Measuring Opinion leadership Sociometric: Ask users who influenced them. Informant ratings: Ask a smaller but well-informed set of users about opinion leaders. Self-designation: Ask the potential leaders themselves if they believe they have influence. Observation: Direct measurement of communication and adoption actions in a network. The most reliable, but traditionally expensive method.
Opinion leaders External communication: Opinion leaders have greater exposure to external communication (media, network). Accessibility: They are accessible and participate extensively in social activities. Status: They generally have high social status. Innovativeness: To be trusted as authorities about innovation, they must innovate regularly.
Other network actors The actors in a diffusion network need not be people. They can also be: Corporations: e.g. offering of broadband services, data services, GPS among telcos. States: Legislation, taxes, social programs etc. follow a particular adoption hierarchy among US states. Nations: Similar phenomena are manifest among european states, e.g. adoption of the euro.

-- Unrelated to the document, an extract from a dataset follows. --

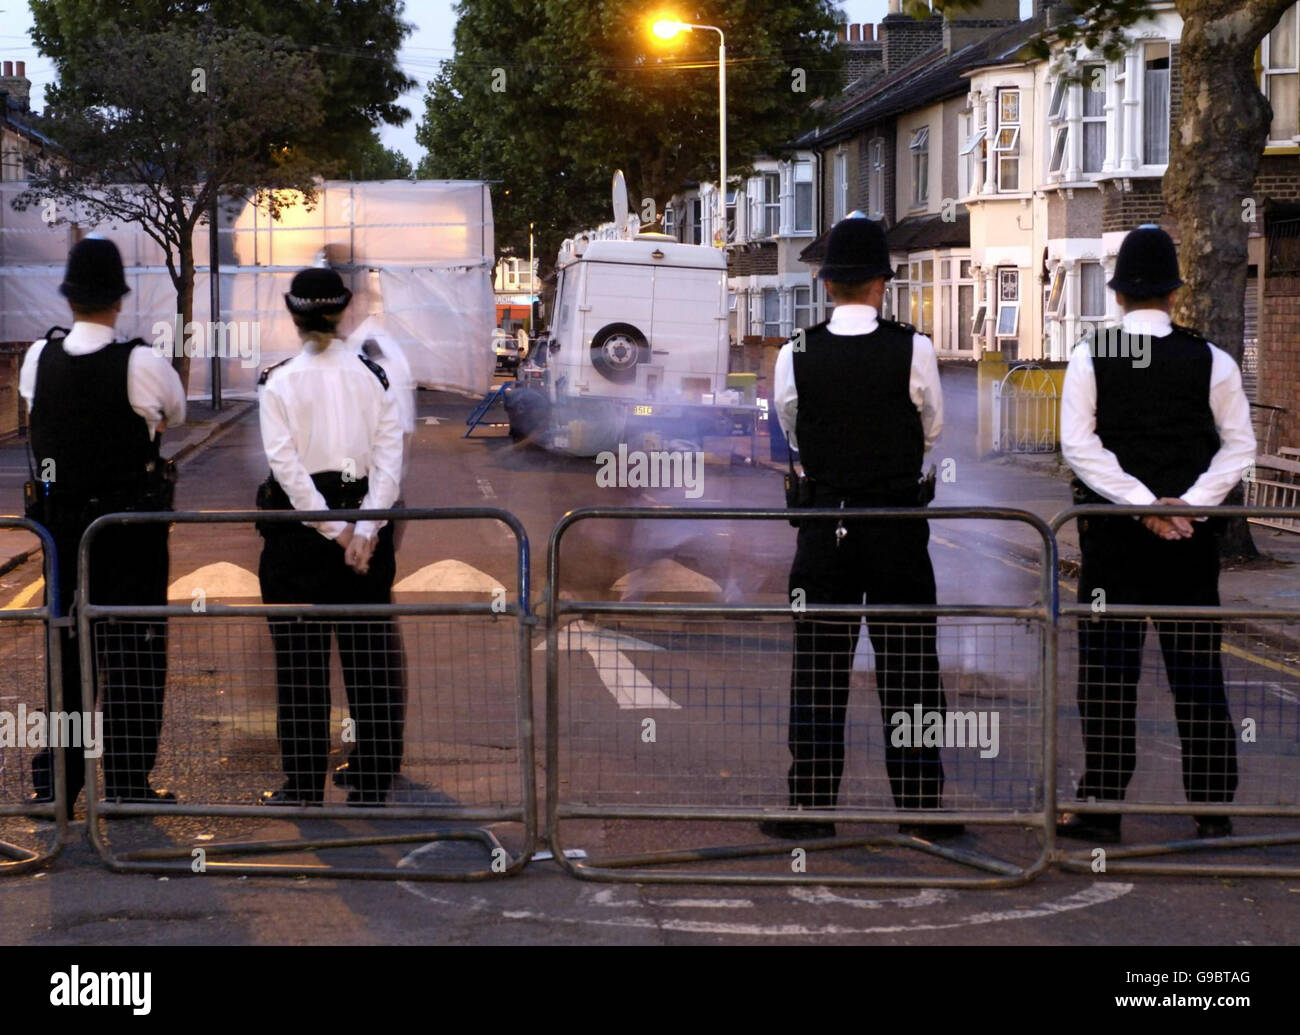 ANMERKUNG: AUFGENOMMEN MIT LANGSAMER BELICHTUNG die Polizei bewacht den Eingang zur Lansdown Road in Forest Gate, East London. Die beiden Brüder, die bei dem umstrittenen Anti-Terror-Angriff in der vergangenen Woche auf der Straße verhaftet wurden, wurden heute Abend ohne Anklage freigelassen. Stockfoto
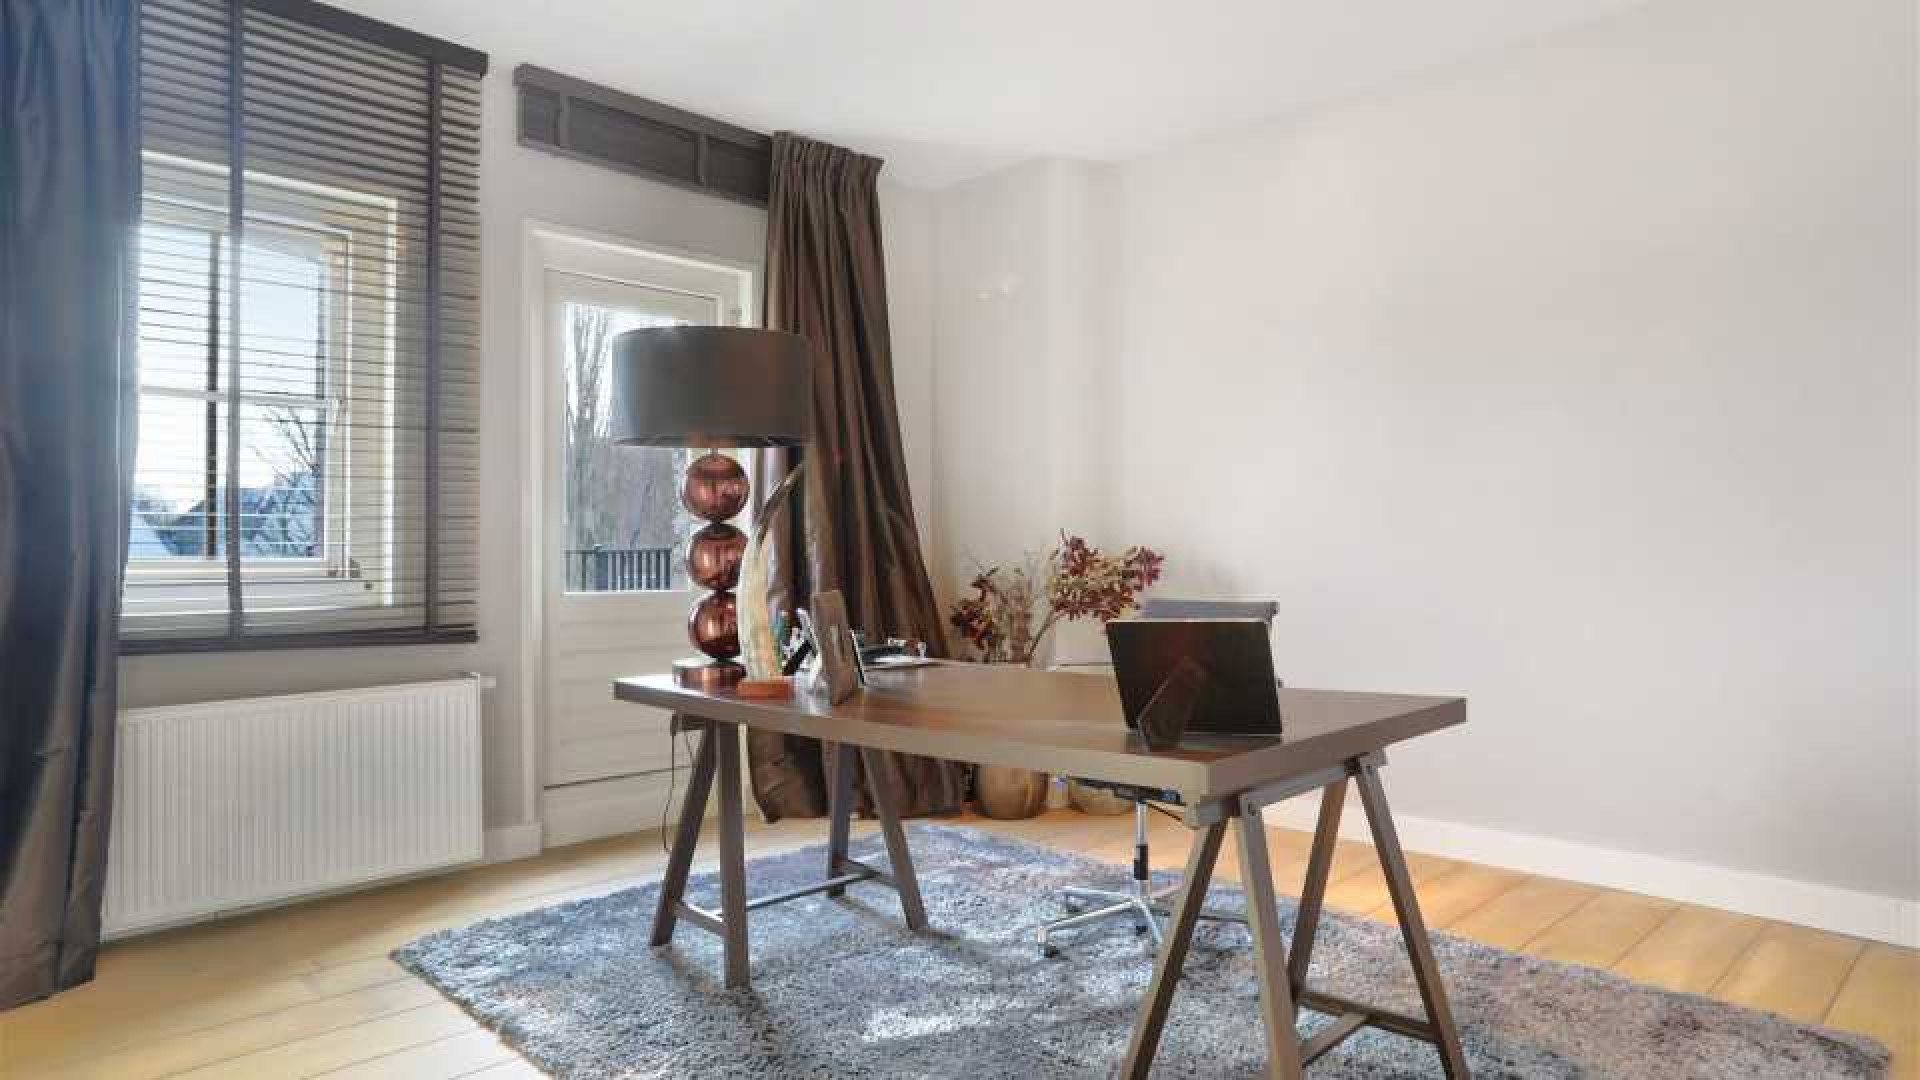 DJ Tiesto verlaagt huur van zijn luxe dubbele bovenhuis in Amsterdam. 12

Strength of weak ties. Mark Granovetter showed that weak ties (often not direct or weak direct ties) are very important for certain decisions, like taking a new job. These weak ties are often heterophilous, allowing the actor to step across traditional boundaries. Weak ties do not support much influence, but allow crucial information to flow rapidly.
Individual thresholds Network models allow for explanations of adoption in terms of personal adoption thresholds: the fraction of neighbors who have adopted before the actor is persuaded to adopt. Adoption thresholds vary. They are lowest for innovators, higher for early majority etc. The threshold model explains the “snowballing” effect of adoption.
Discussion Topics T1: Think about how opinion leadership could be measured with the social network methods we already discussed. T2: What do you think homophily and heterophily mean as graph properties? i.e. how could you compute them? T3: Where does diffusion fit among Vygotsky’s genetic domains?